[[ STORED DATA open ]]

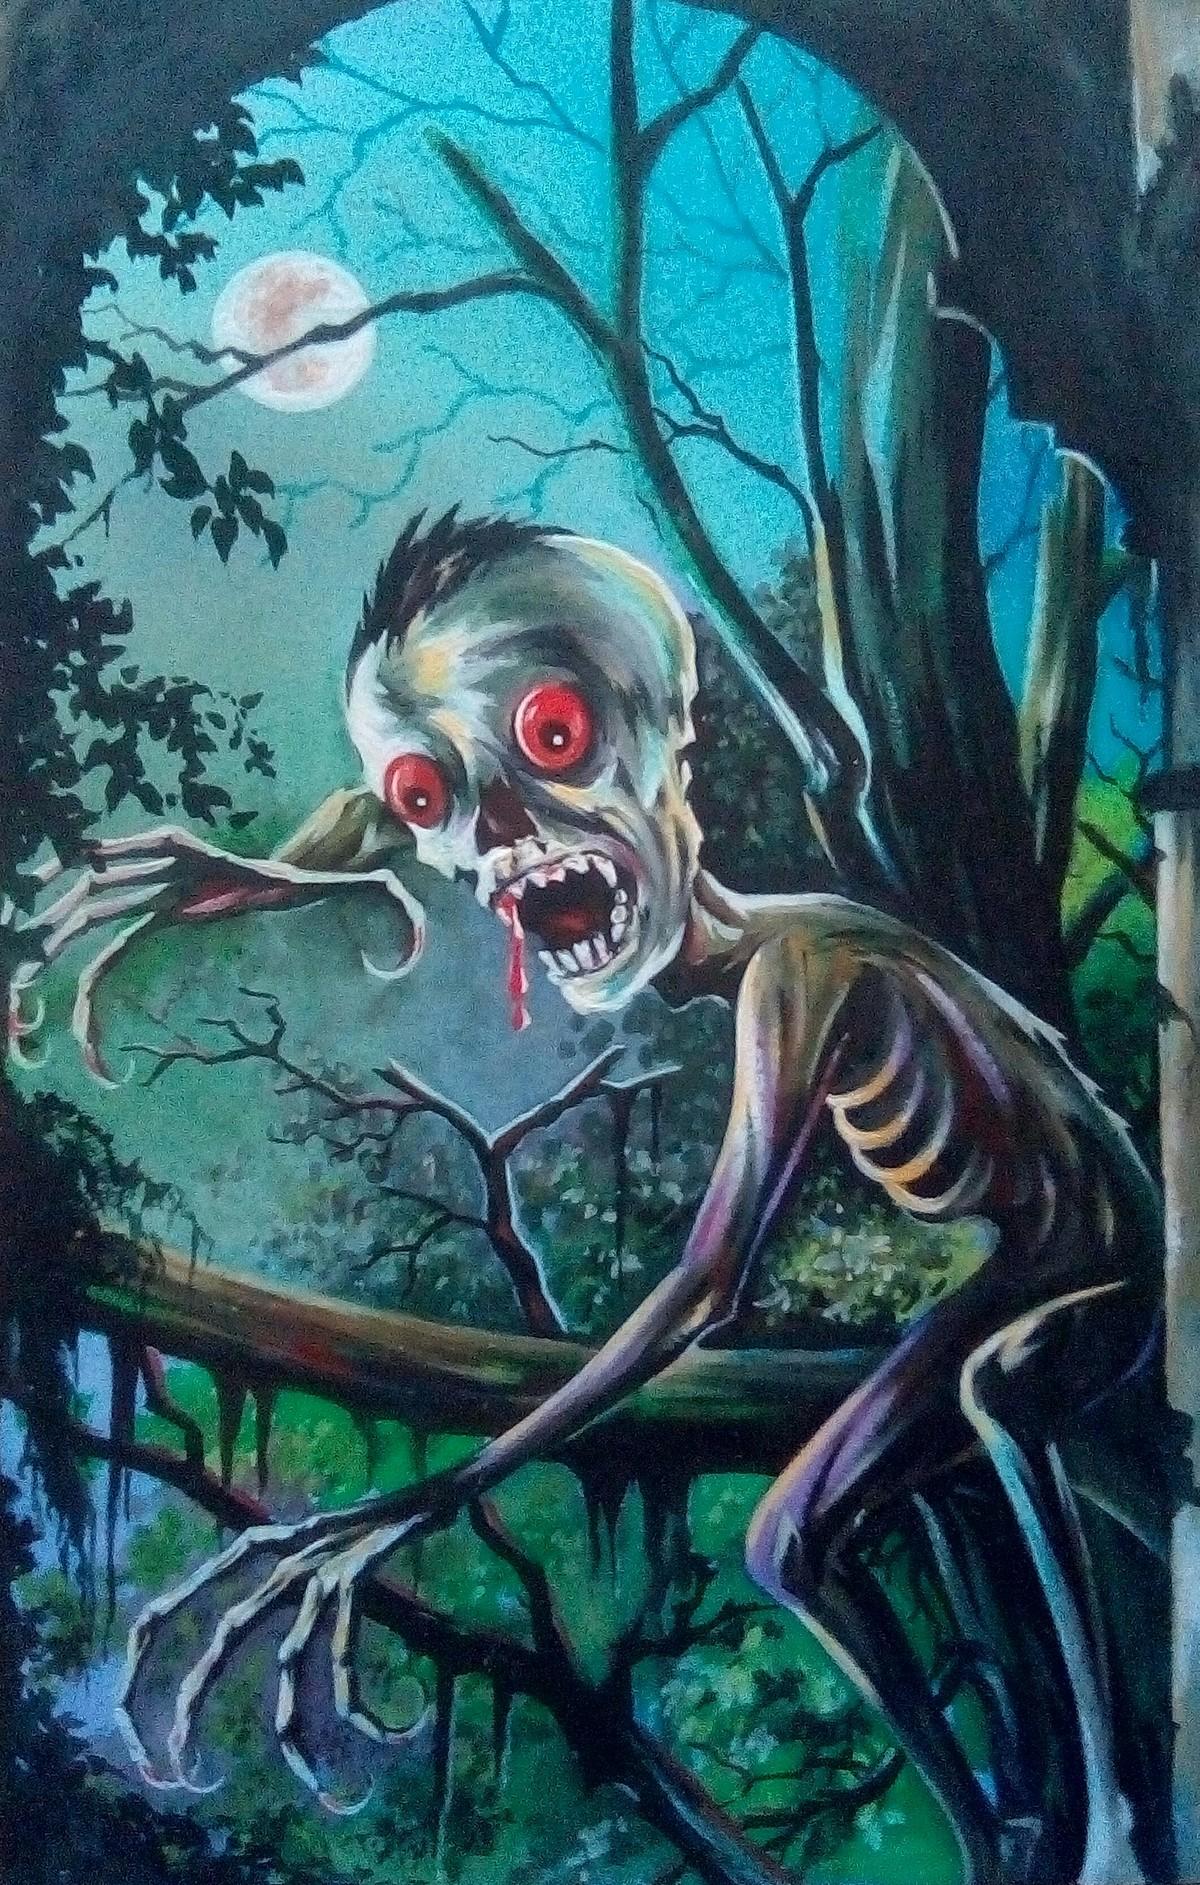 Dangerous Mamdo by Subhasis Palodhi, Conceptual, Fantasy Painting, Mixed Media on Paper, Te Papa Green color
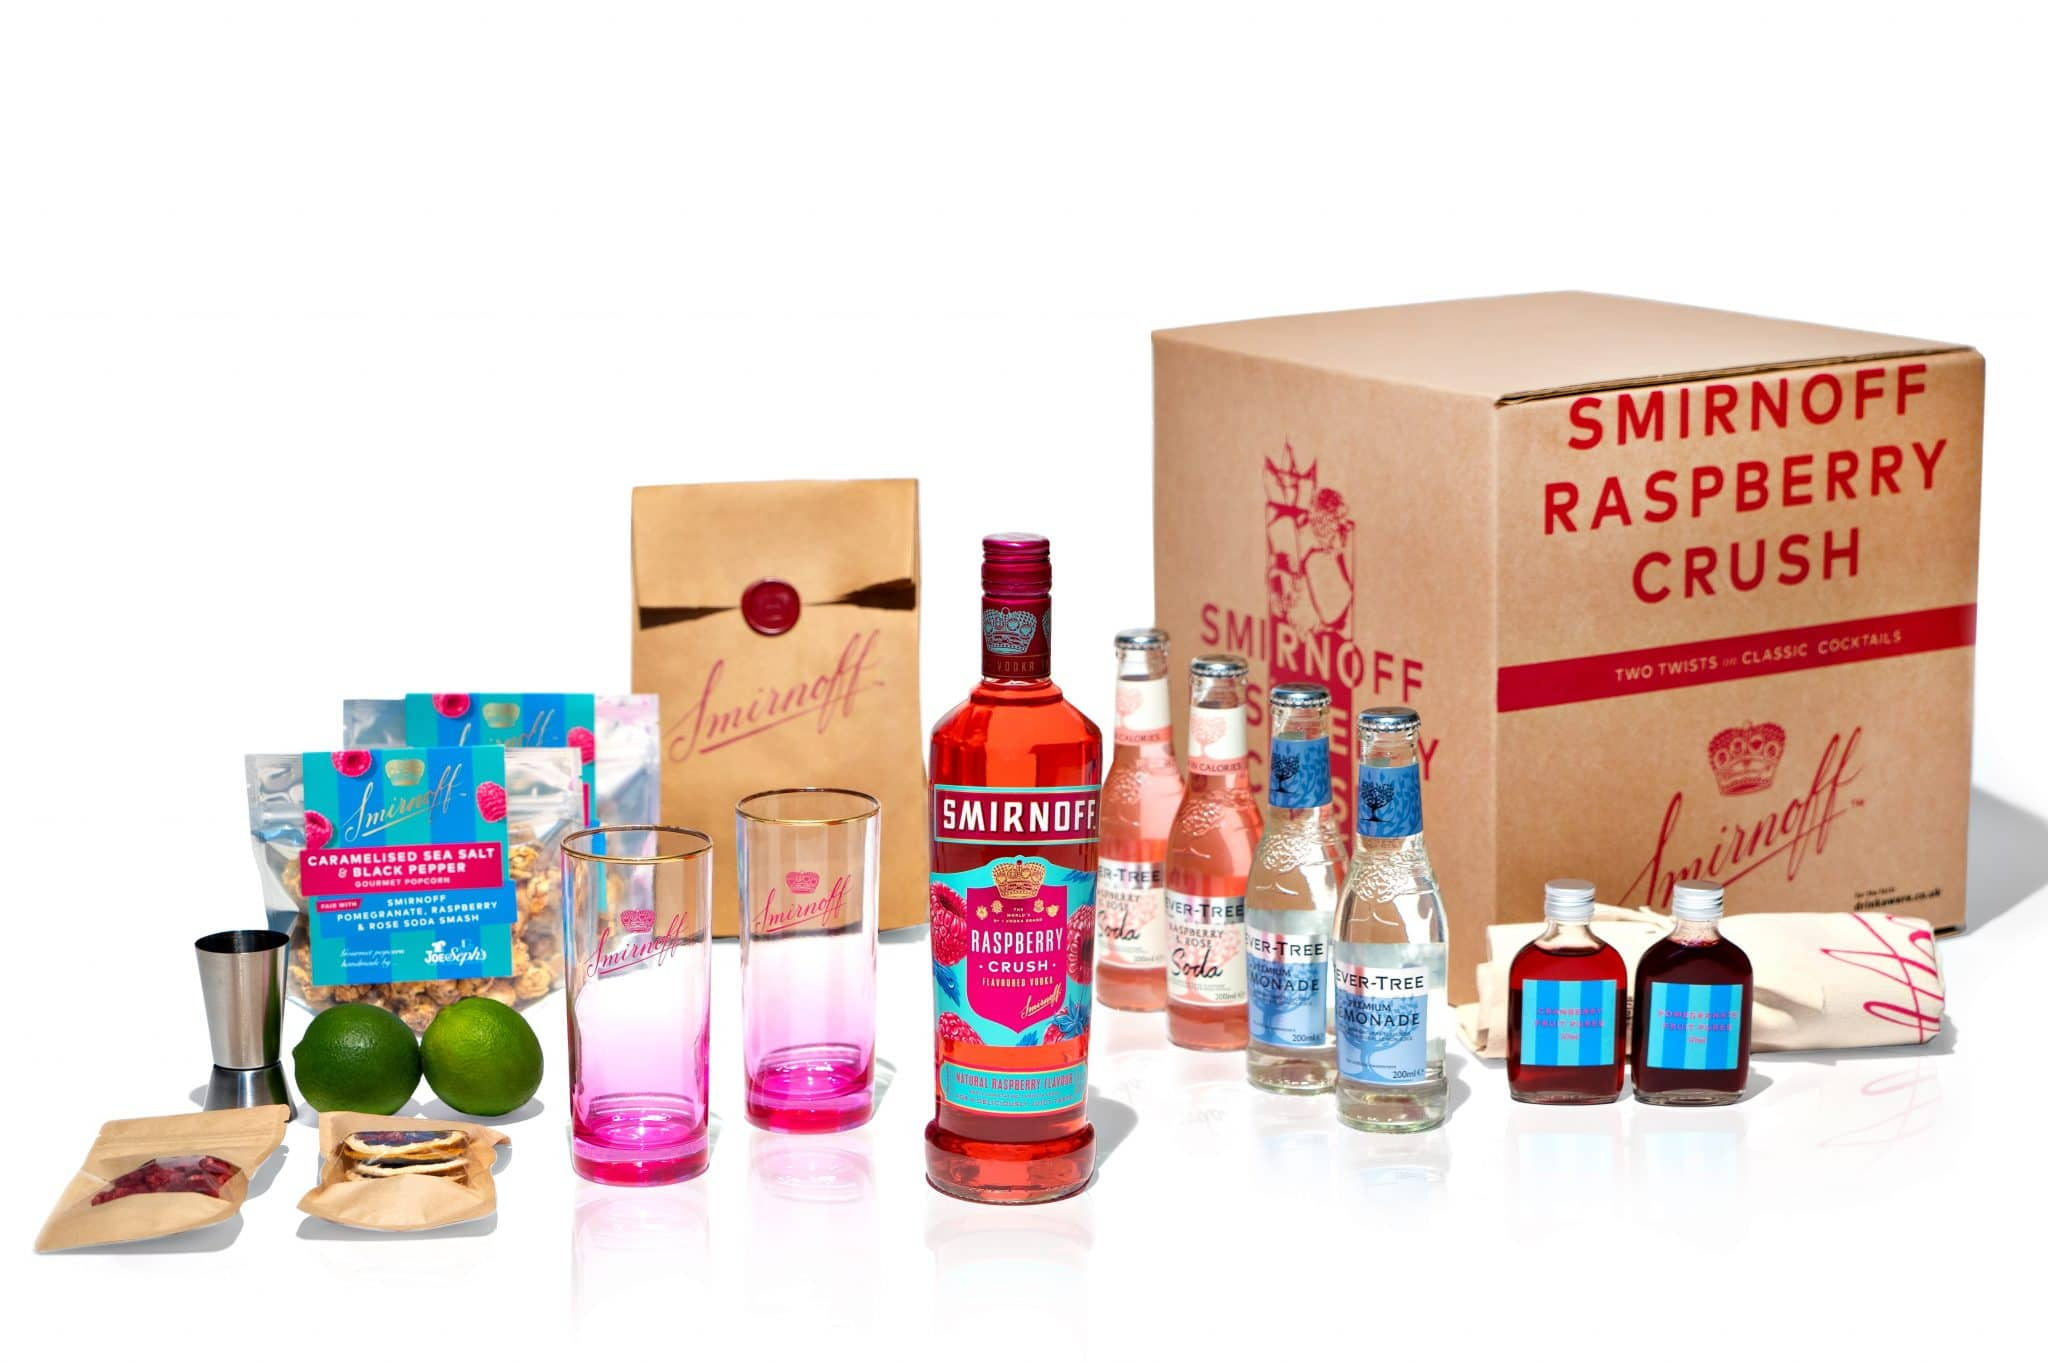 smirnoff raspberry crush cocktail kit
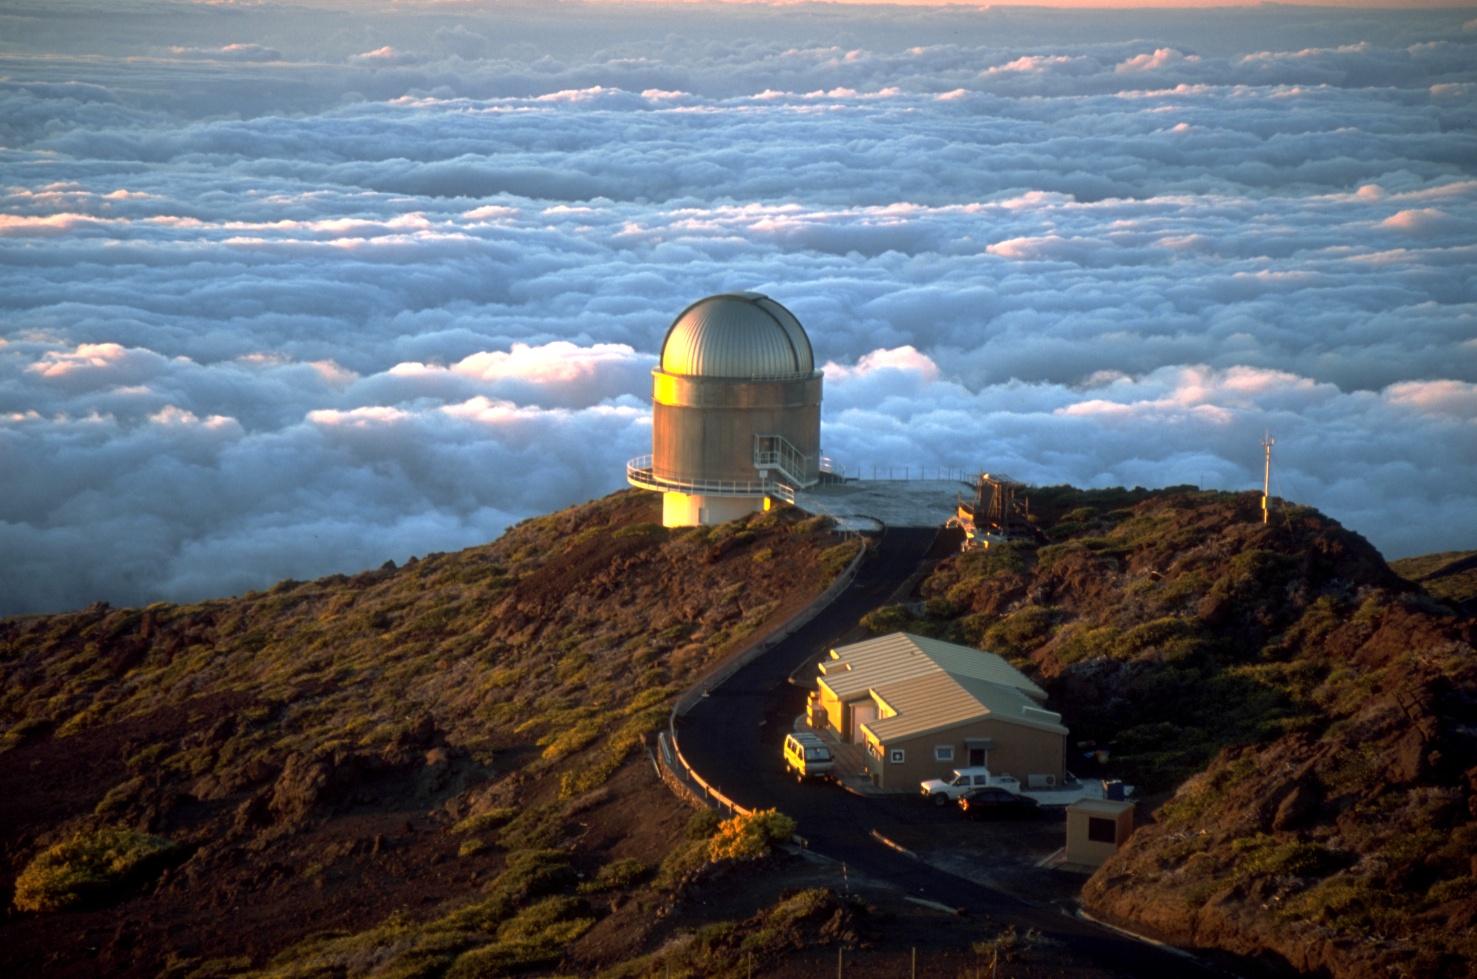 The Remote Telescope System.

[[ STORED DATA closed ]]

WHAT YOU WILL DO → Are you able to set down all the lines above exactly, without any pictures?

RESULT OF THE TASK →
 Dangerous Mamdo by Subhasis Palodhi, Conceptual, Fantasy Painting, Mixed Media on Paper, Te Papa Green color
 smirnoff raspberry crush cocktail kit
 The Remote Telescope System.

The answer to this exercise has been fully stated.